The Jama Masjid was completed in 1656, which was 16 years after the formal inauguration of the city of Shahjahanabad. The Jama Masjid, built by the Mughal emperor Shah Jahan was one of the first mosques to be built, which was to become the stereotypical design for all the upcoming mosques that came to be built in the subsequent years, as all the mosques built after the Jama Masjid mirrored its opulence. Jama Masjid is also the place where the story of a person who climbs the towers 5 times each day to announce the inauguration of the prayer, comes; Jama Masjid was the first mosque that was built with towers. The theory behind the towers is that people during that time believed that God lived at a place higher than humans. The same theory was applied in the building of temples which gave rise to the ‘Shikhara’ in temples. Historians who have studied Architecture, have revered the Jama Masjid as one of the most spectacular pieces of infrastructure owing to the balance, symmetry, and design which makes it geometrically and aesthetically one of the most stand-out mosques to be ever built. One of the biggest mosques in India, Taj-ul-Masjid (built by Shah Jahan Begum) located in Bhopal, mosques in Aligarh, the Badhshahi mosque in Lahore (3 times of Jama Masjid), and many more, are copies of the Jama Masjid. The Jama Masjid is also one of the first mosques to be built with sandstone and marble, which was a style that slowly became the signature of Shah Jahan in North India (Many other materials were used for construction purposes by Shah Jahan in Sindh and Bengal).

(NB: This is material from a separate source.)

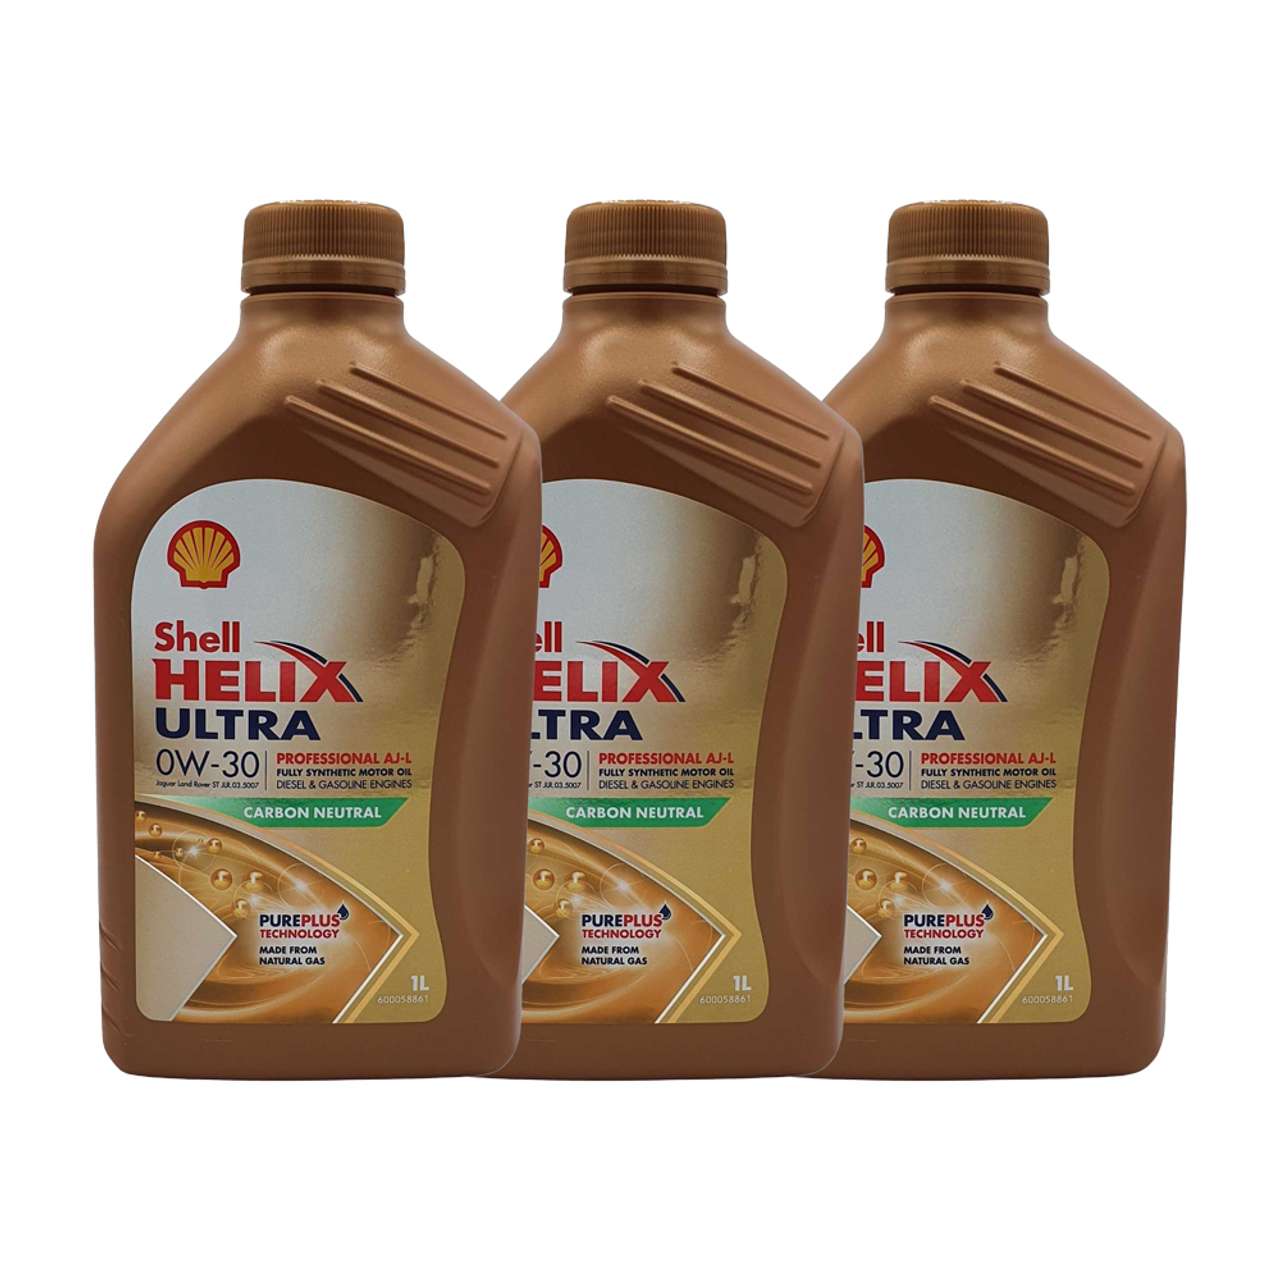 Shell Helix Ultra Professional AJ-L 0W-30 3x1 Liter

A unique feature about the Jama Masjid is the life it created in the spaces around it. The steps which lead to the Jama Masjid hold ulterior importance in the development of life around the mosque. The stones that have been used to build the steps leading to the mosque, were sourced from about 200km away from Delhi. The reason for using the steps was that the mosque was built on an elevated platform, which according to some locals was called Pahari Bhojla before the Mosque came into existence. Before Nader Shah sacked Delhi in 1738, the steps of the Jama Masjid used to serve as markets, as steps on all the three sides were occupied by traders, craftsmen, artists, food stalls, and many more. The steps evolved as a hub of social life or an “adda” as it is called today. The steps helped in the development of gastronomy in the city, as Biryani, Kebabs, Kulfi, and Paan were sold on the steps while people used to enjoy listening to poetry that was recited by famous poets who were patronized by the rulers.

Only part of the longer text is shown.